Discovering Robots at Miraikan Museum in Tokyo
Happy Museum Monday everyone! We’re back this week with another great museum from our trip to Japan to share with you. When asked what he would like to see or do on our trip, Oskar (my 8 year old) said that the one thing he most wanted to see was robots. Tokyo has many great science museums to choose from, so we did a little research to see which one would be best for little robot fans, and Miraikan came up trumps.
Miraikan – or the National Museum of Emerging Science and Innovation – is located on Odaiba, a high-tech entertainment hub on an artificial island in Tokyo Bay. We travelled there via the Rainbow Bridge on the driver-less Yurikamome train. The whole experience seemed quite futuristic.
The Miraikan building is huge, though the permanent exhibition is set across two floors, plus there’s also a zone for temporary special exhibitions, a shop, cafe, restaurant, and viewing lounge. There is also a theatre, but this was closed for refurbishment during our visit.
When we arrived, we headed straight for the robots section for the demonstration of Asimo (short for Advanced Step in Innovative Mobility) – a humanoid robot created by Honda in 2000. Asimo can walk, talk, run, hop, kick a football, sing, and do sign language. There are several demonstrations a day, every couple of hours, and we watched two of them. Seeing Asimo in action was definitely the highlight of the museum for both boys.
Also in the robots section, we saw an Android and its inner workings, and a robotic pet seal. They also had a timeline showing all the significant robot developments over the past decades, and I was very impressed when Oskar pointed out all the robots that he had seen at the new robots exhibition at the National Museum of Scotland in January. I was glad to see so much of our previous visit had stuck with him.
There were lots of other really cool interactive things to do. One was a gigantic hands-on model if the internet, which uses large black and white balls to visualise how information is sent around the internet. You can programme and send your message from one terminal to another, and then watch as the balls roll around the giant model to deliver your message. It’s quite loud, but the boys loved it.
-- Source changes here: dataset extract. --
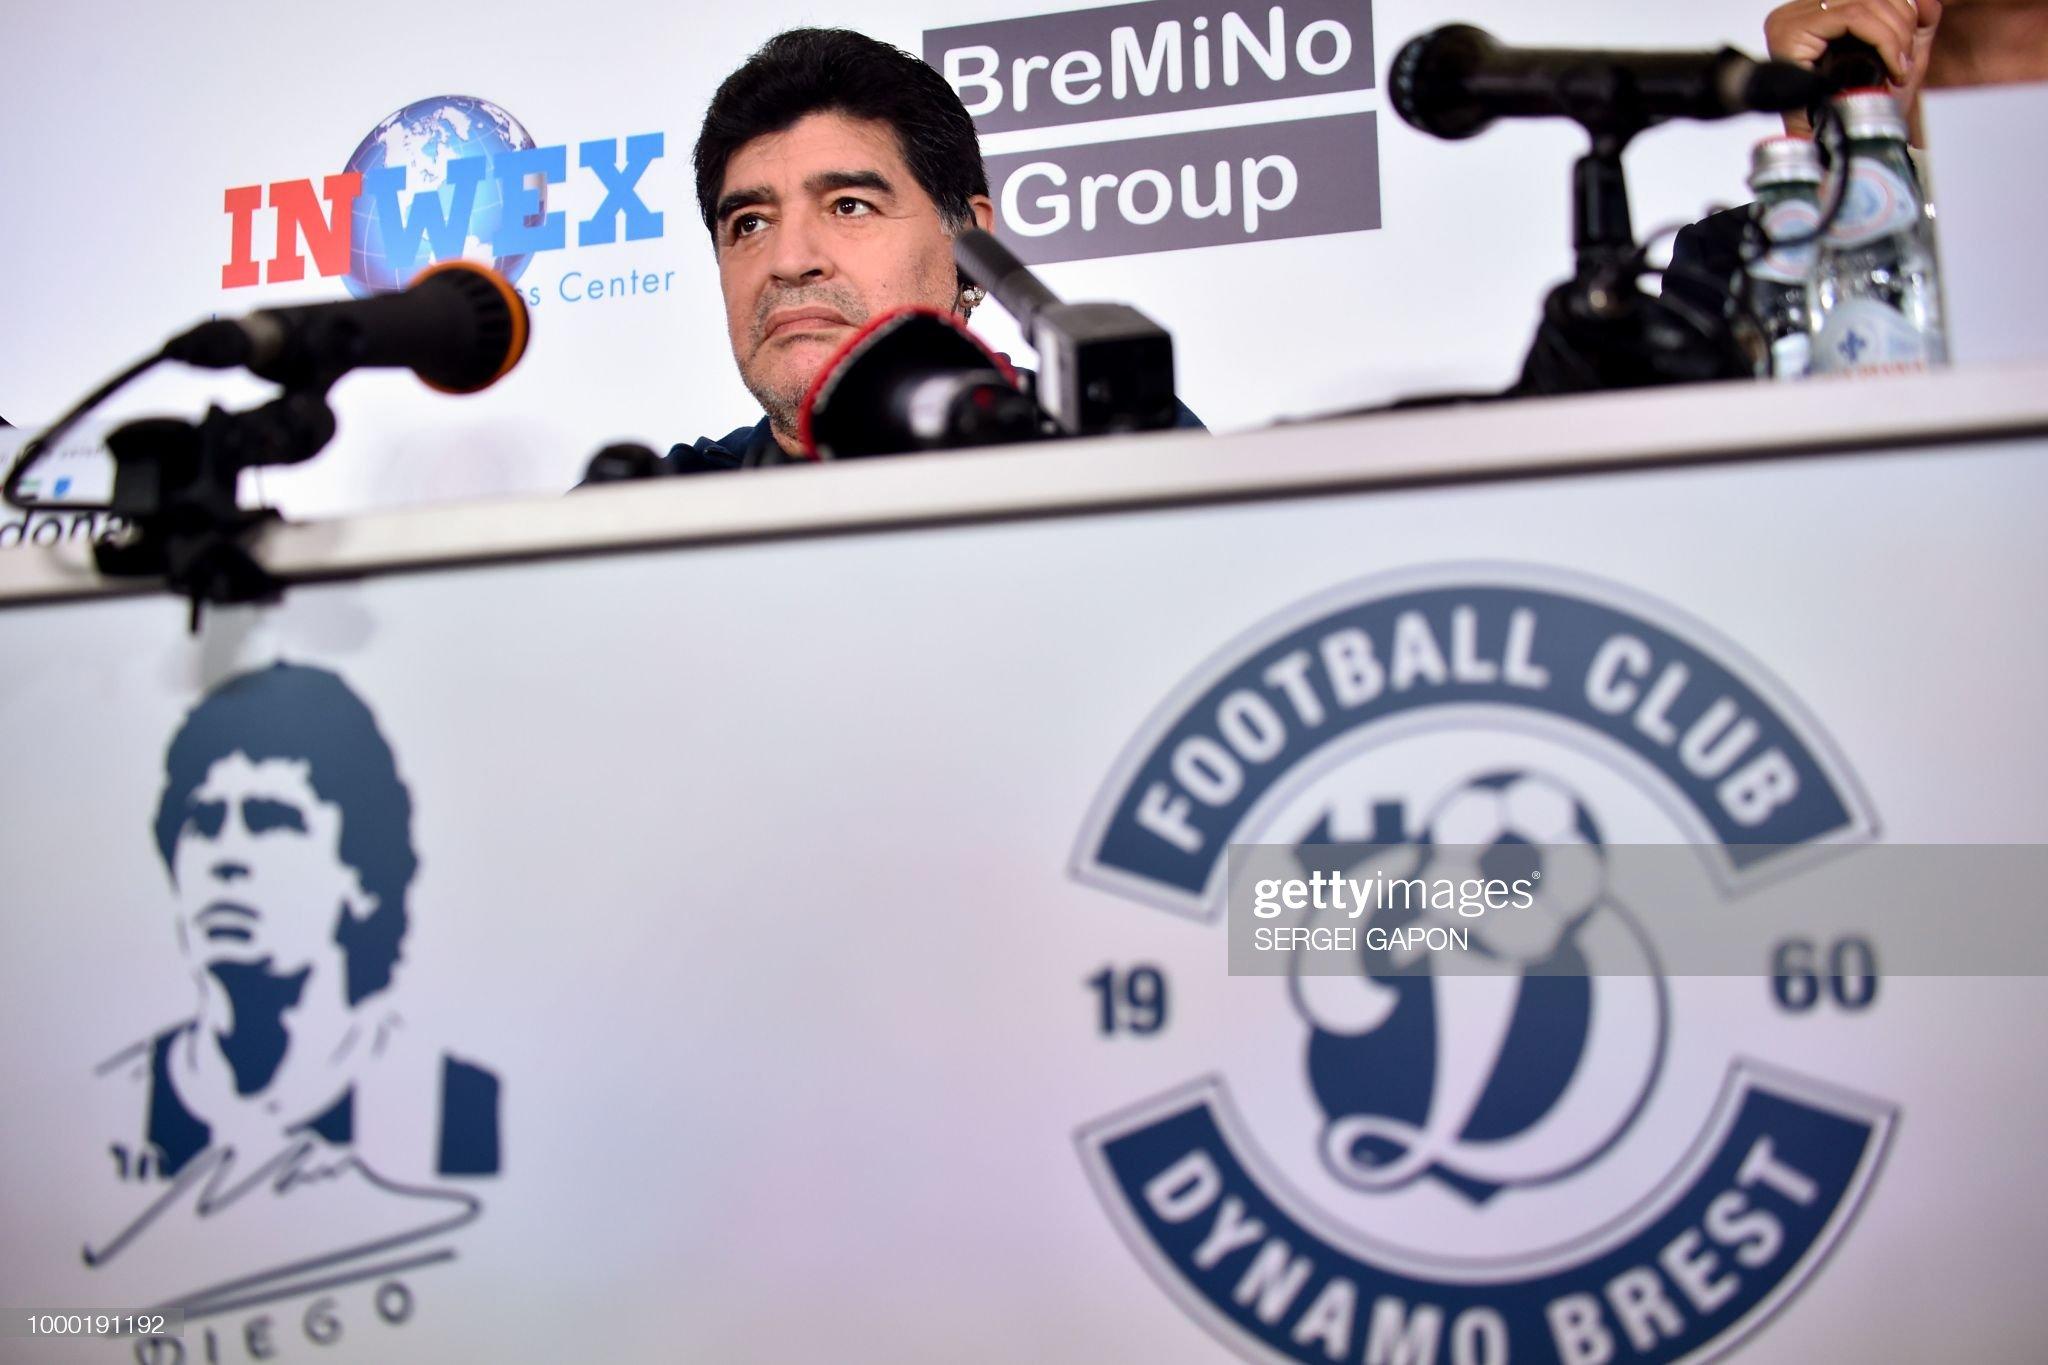 Dinamo Brest v Slavia Mozyr Preview, prediction and odds

In other sections of the permanent exhibition you can explore a space station, watch a presentation on a giant globe, explore the science of medicine, walk through giant picture book to learn about communication, and lots, lots more.
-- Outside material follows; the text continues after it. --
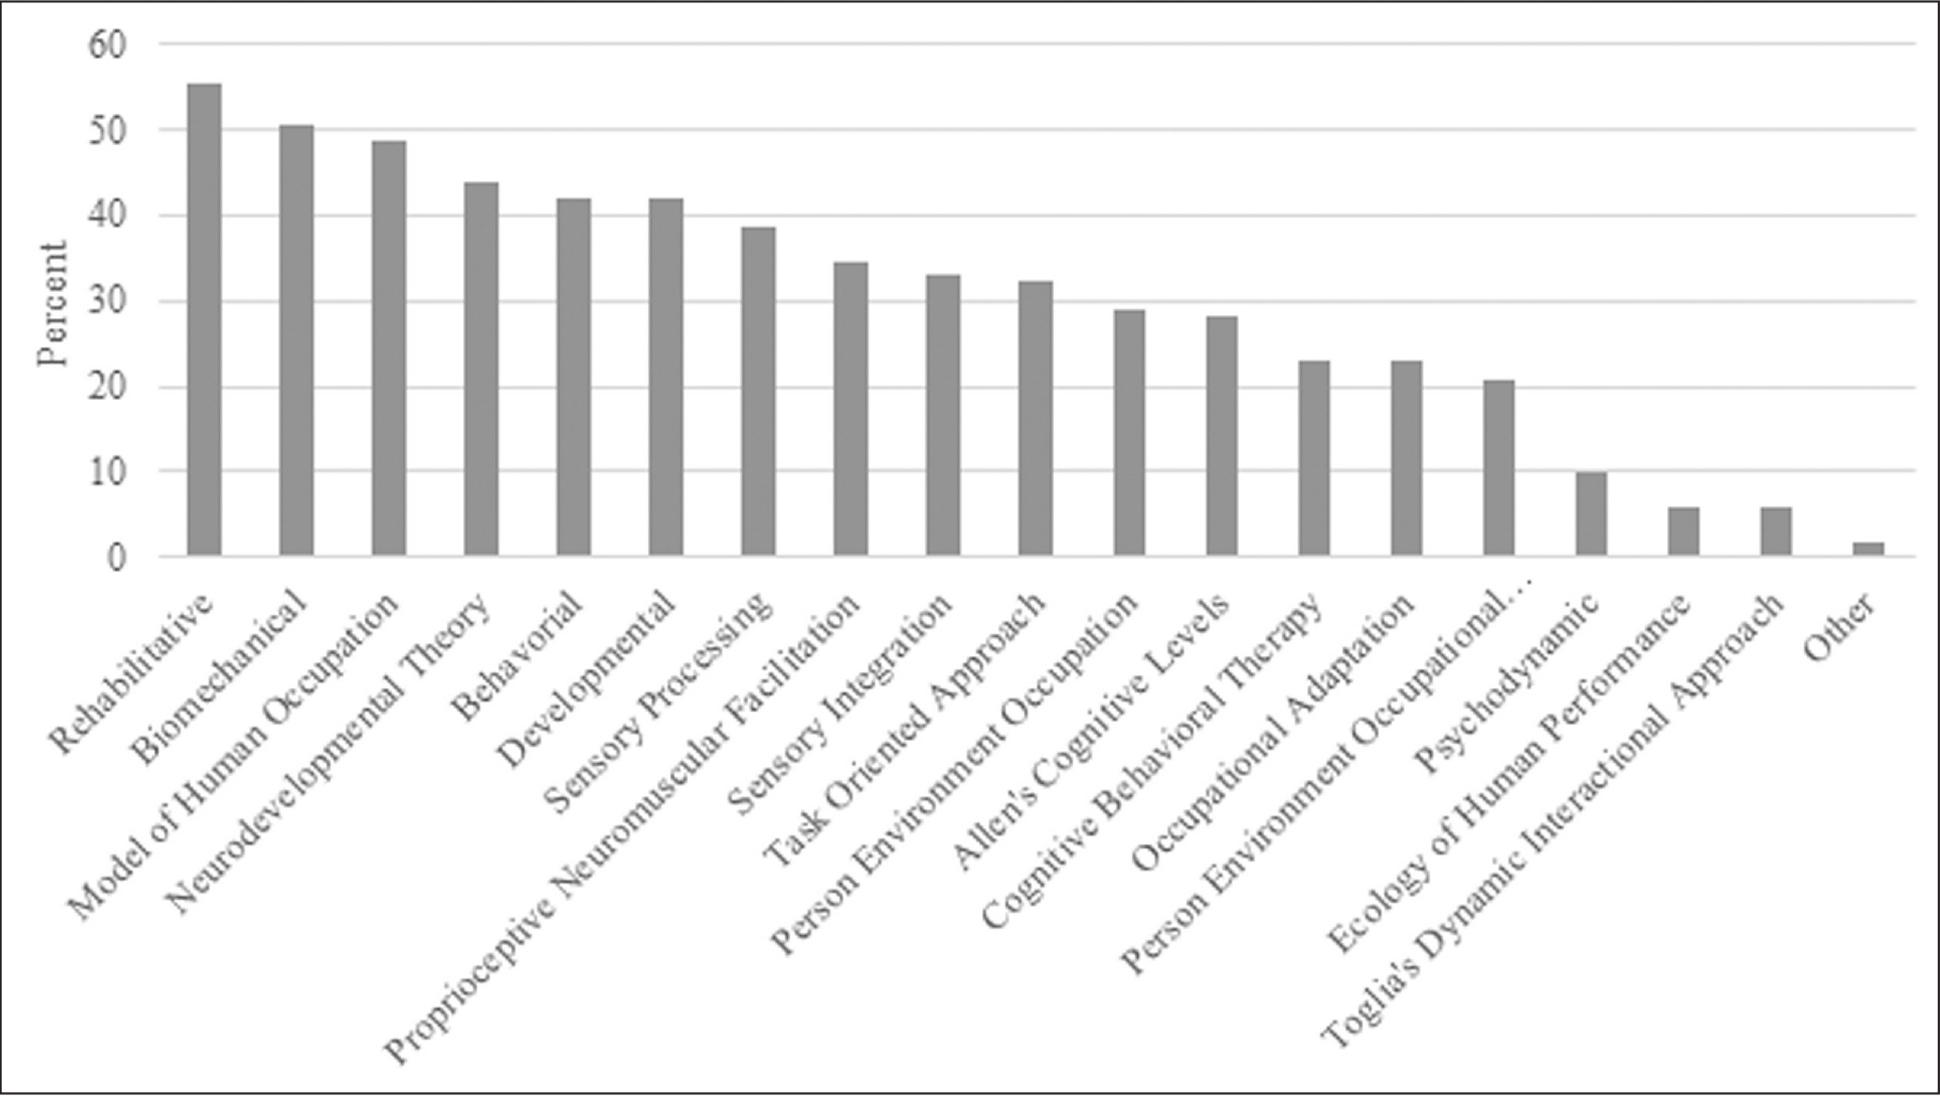 Occupation-Based Practice: A U.S. Survey

Miraikan is recommended for primary school age children and up, but as there are a lot of interactive exhibits and the robot demonstrations so younger kids can enjoy it too. Whilst my 4 year old maybe didn’t quite understand everything, he definitely enjoyed himself. Most of the exhibition interpretation is also available in English as well as Japanese, and the museum app, which is also available in English, has some suggested trails you can follow. Also, be sure to hold on to your tickets, as you will need to scan them to use some of the interactives.
We arrived at the museum an hour after it opened, and stayed until we were thrown out at closing time (and that was without seeing the temporary exhibition, so we are glad we didn’t pay the extra price for that). We were on Odaiba for a total of six hours, and most of that was spent at the museum! We took a break at lunch time for about a hour, and because the weather was quite nice we picked up some lunch from a nearby convenience store and sat outside on some park benches to eat it then went for a wander around the area. There is a cafe and restaurant in the museum too, but your ticket gets you in and out the museum all day so it’s good to have options depending on the weather.
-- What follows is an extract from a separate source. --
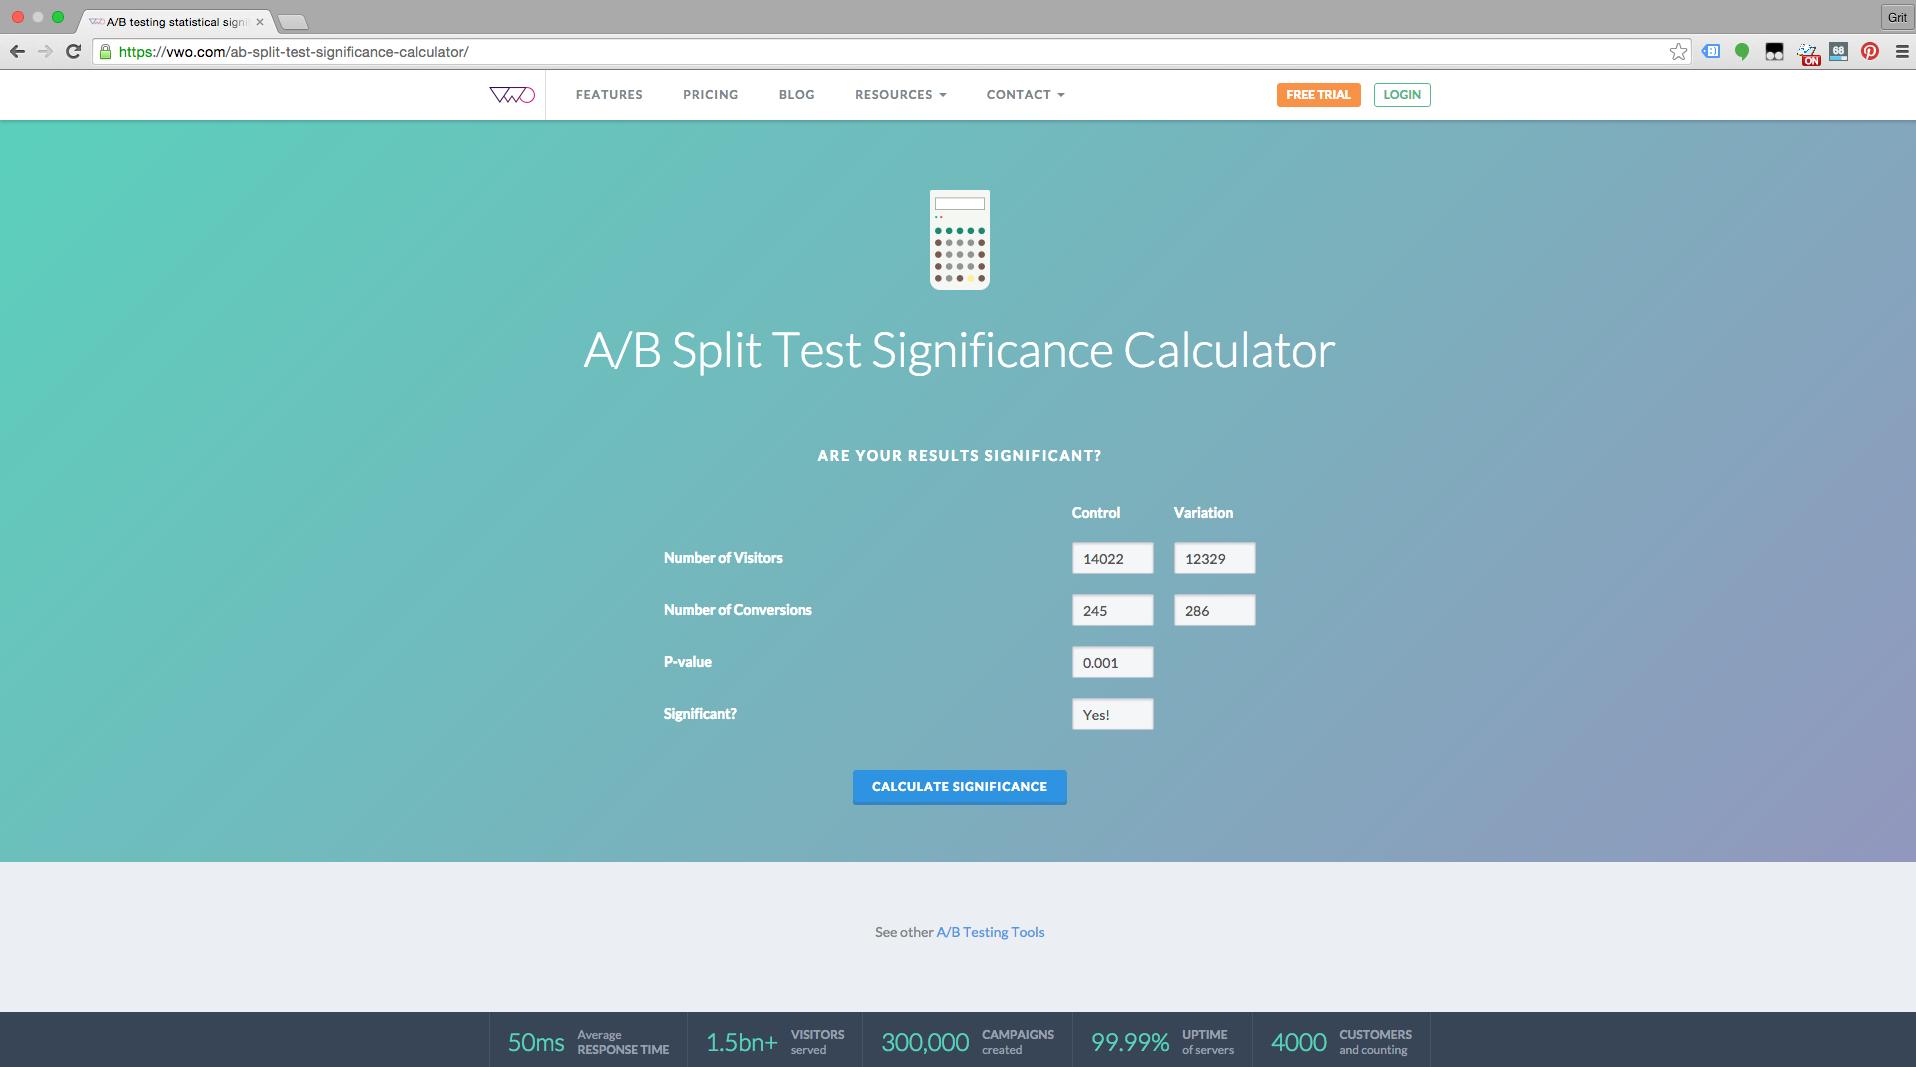 Split-Test Significance Calculator

We are glad we took the chance to have a wander, as we discovered some more robots nearby. Outside the DiverCity Tokyo Plaza shopping mall, which is about a 5 minute walk from the museum, we discovered a gigantic Gundam statue standing over 19 metres tall (Gundam being a science fiction series featuring gigantic robots), and a not-quite-so-tall but still impressive Bumblebee state from the latest Transformers movie. I *think* the Bumblee one was just temporary, but the Gundam statue is a permanent feature.
So all in all, Odaiba is the perfect place to take little robot fans if you are visiting Tokyo. All information on museum opening times and admission prices can be found on the Miraikan website.